Durante la conferenza è stato proiettato un documentario realizzato dagli stessi relatori dal titolo: “In viaggio con Anne Frank”.

“Siamo orgogliosi di essere a Vercelli per la conferenza,” hanno detto i relatori, “il modo migliore per dire no alla discriminazione e alla violenza e per manifestare vicinanza  alla Comunità e a tutti i cittadini vercellesi che non accettano l’intolleranza. Il testimone della Shoah Wolf Murmelstein – che dedica la propria vita ad opporsi ai nuovi fermenti di antisemitismo, neonazismo e negazionismo – ha sottolineato in un breve articolo la necessità di agire con ogni strumento giuridico e civile affinché episodi simili non si ripetano più.

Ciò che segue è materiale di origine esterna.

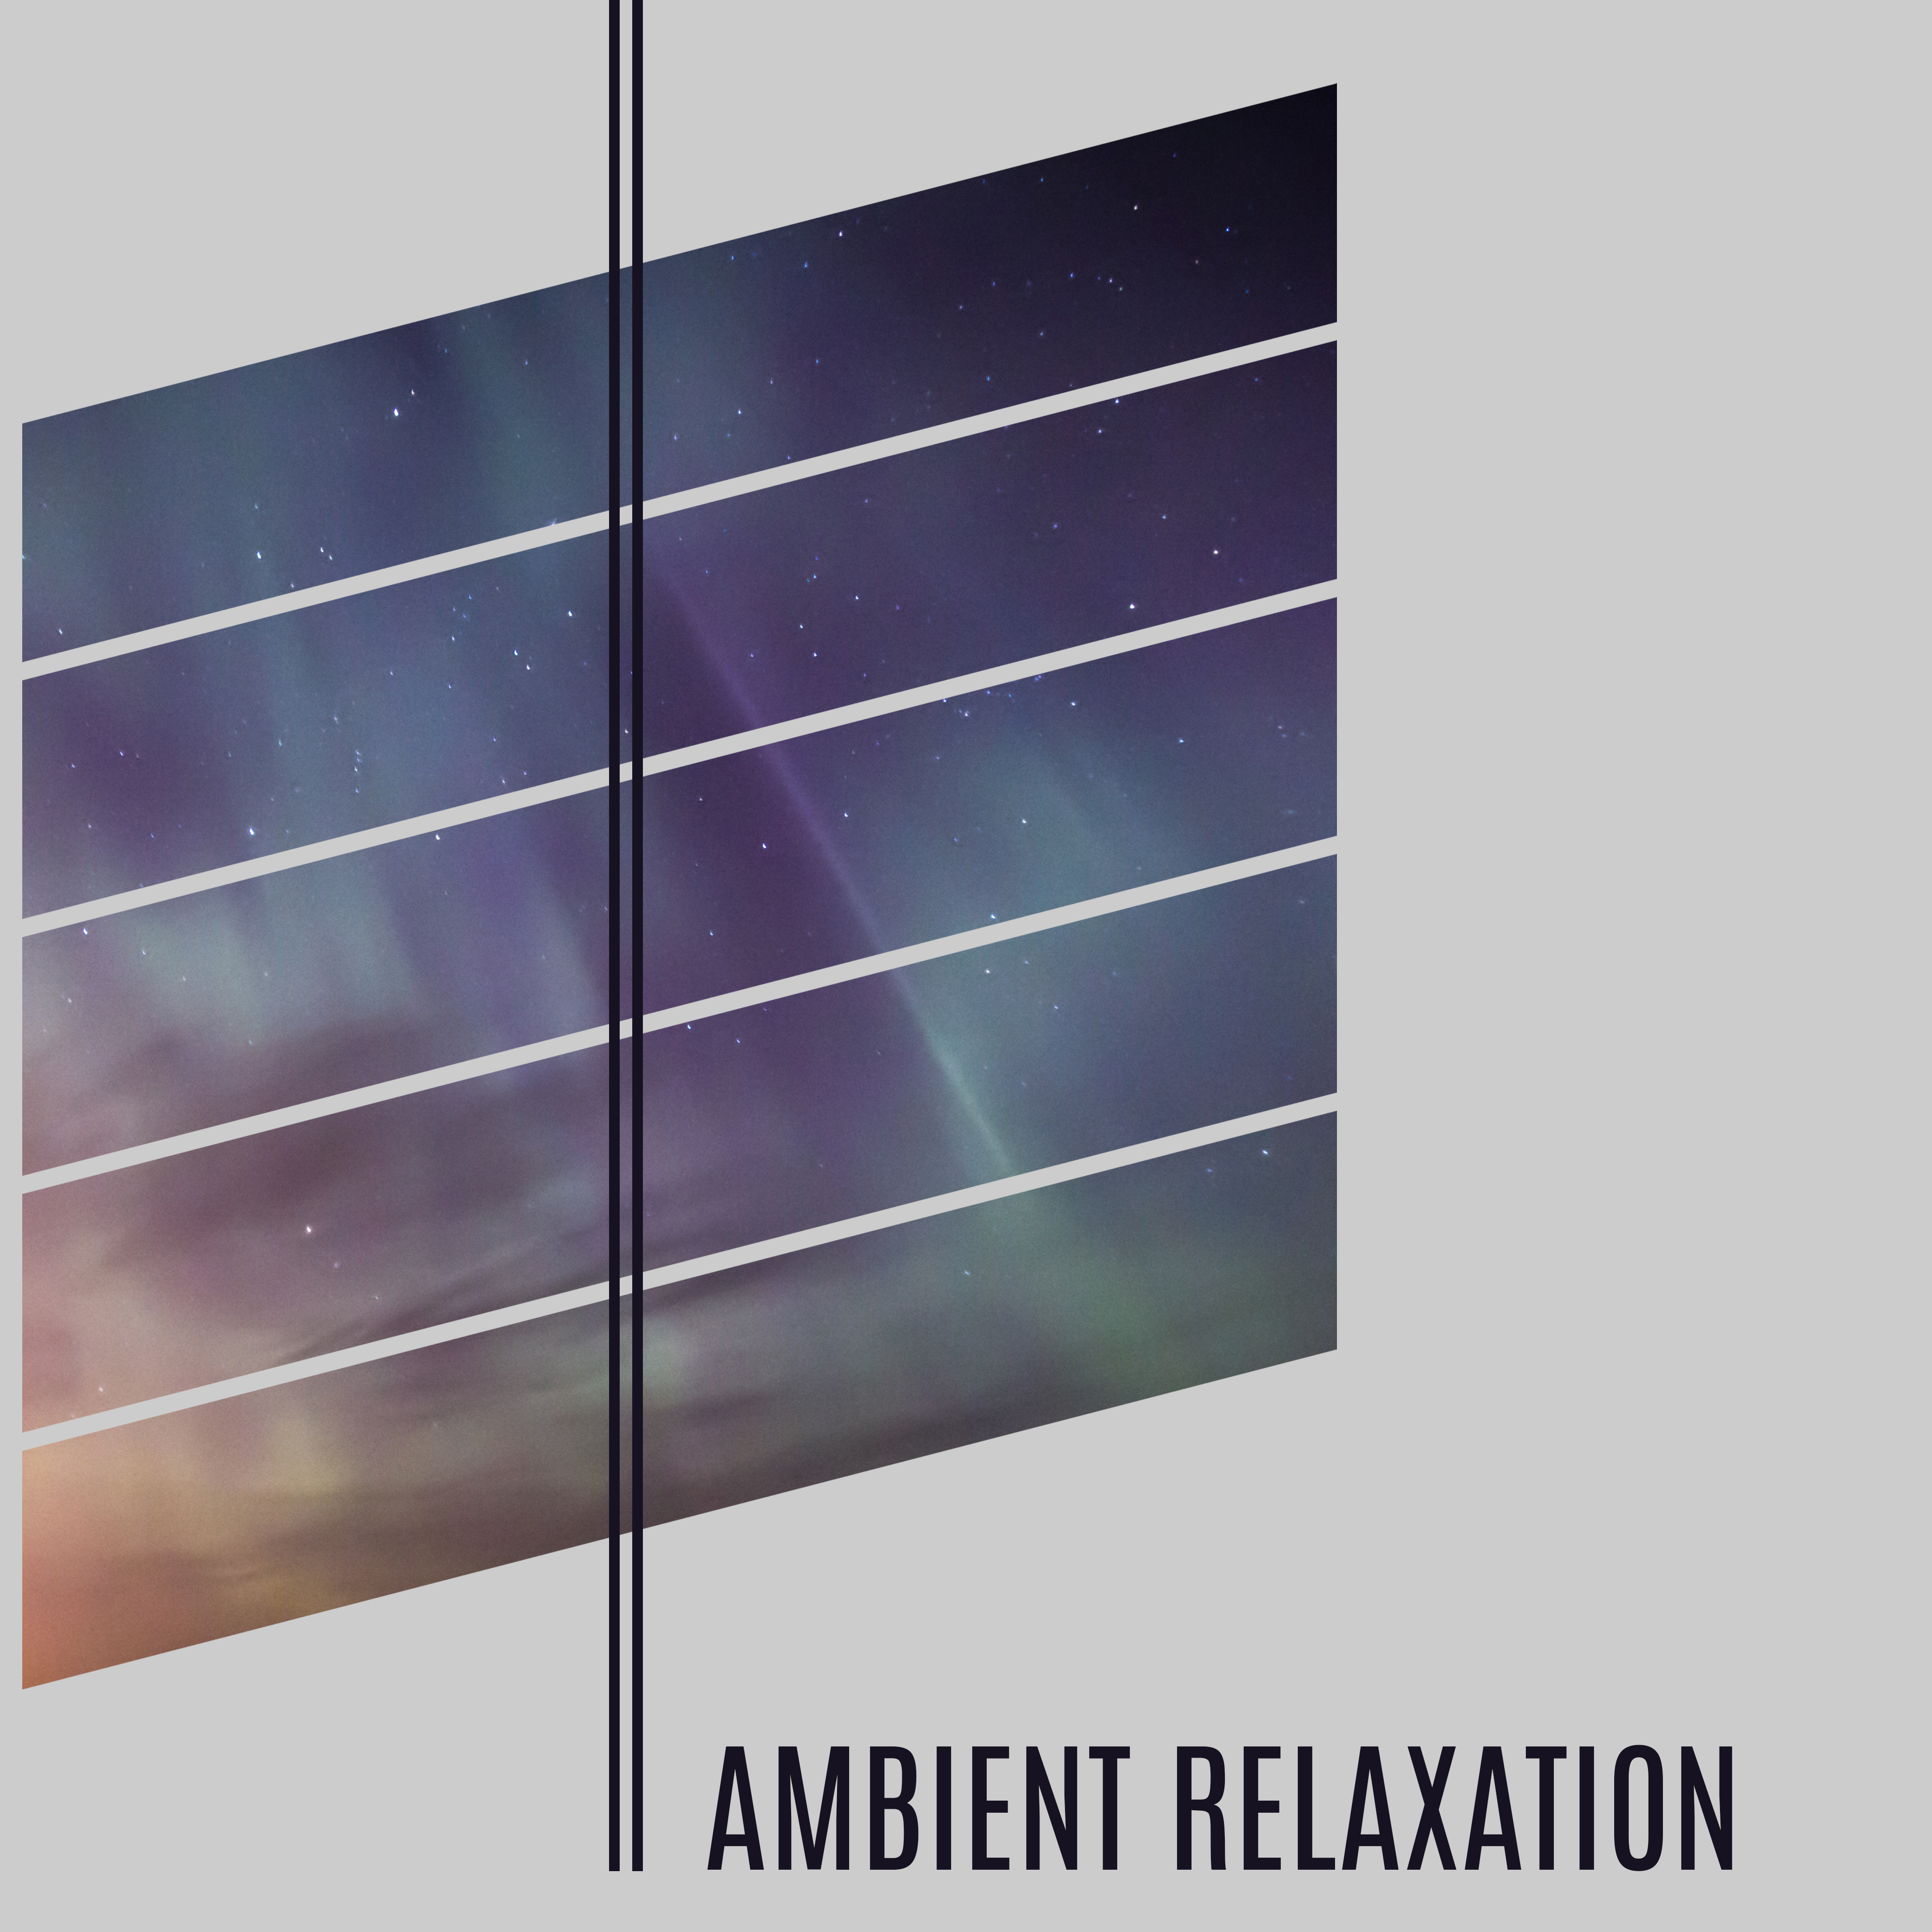 Ambient Relaxation  Relaxing Music, Pure Nature Sounds, Relief Stress  Relax, Helpful for Meditation and Massage Treatments

“L’attacco alla pagina facebook allestito dalla Comunità Ebraica di Vercelli è molto più di un odioso episodio di bullismo informatico,” recita l’articolo di Murmelstein. “Se si considera che è avvenuto tra l’anniversario – 9 novembre – della famigerata “Notte dei Cristalli/Kristalnacht” e quello – 17 novembre – dell’emanazione in Italia delle Leggi Razziali, si deve parlare di una minaccia antisemita da parte di uno dei tanti gruppi di negazionisti neo nazi/clerico/fascisti che pullulano in Internet. L’analisi degli slogan potrà essere utile ai fini delle indagini per l’individuazione dell’area ‘ideologica’ degli organizzatori. L’attuale situazione politica ed economico-sociale in Italia e in Europa obbliga alla massima vigilanza. Quanto capitato alla Comunità Ebraica di Vercelli può in un prossimo futuro ripetersi in danno ad un altro gruppo di minoranza e/o di persone impegnate nel sociale. E’ necessaria l’attenzione e l’impegno di tutti noi affinchè il passato – evocato dagli autori di questo attacco informatico – non si ripeta”. Le prime indagini, condotte dal Gruppo EveryOne e dall’Associazione Italia-Israele, hanno rilevato una pista neofascista, vicina ai gruppi di estrema destra e agli ultras. Numerose Comunità ebraiche e le istituzioni locali hanno manifestato solidarietà verso la Comunità di Vercelli. Ricordiamo che nella bacheca del gruppo sono comparse svastiche accompagnate da un beffardo”Shalom”, citazioni di Adolf Hitler, immagini di Auschwitz commentate con frasi di scherno sul modello della seguente: “Vacanzina relax pagata a spese nostre” e proclami come “Onore e rispetto per Josef Mengele, uno che di voi sapeva cosa fare”.

“Sono allibita,” ha dichiarato la presidente della Comunità Rossella Bottini Treves, “non ci era mai capitata una cosa del genere. Abbiamo denunciato quanto avvenuto alla Digos e alla Polizia Postale. E’ un episodio grave, da non sottovalutare”.

Da giovedì scorso la pagina è stata riaperta, “esclusivamente per dare informazioni sulle attività cuturali della comunità ebraica ai numerosi amici che ci seguono” spiega la presidente, “e farci sapere se è visualizzata l’intrusione di anonimi hacker che offendono volgarmente la Storia e la Shoà (i loro nomi sono sempre falsi). Abbiamo avuto messaggi di solidarietà da parte di tante persone vicine e da alcuni rappresentanti delle Istituzioni vercellesi e biellesi. Non sono sicura che trattasi solo di giovani ragazzi che a scuola studiano la storia e tutto ciò che dovrebbe evitare certe posizioni e stereotipi inaccettabili. La notte del 9 novembre resterà per sempre un’evento sconvolgente che ha dato inizio al genocidio di migliaia di vite umane e può essere che si siano scelti i dintorni di quella data…”.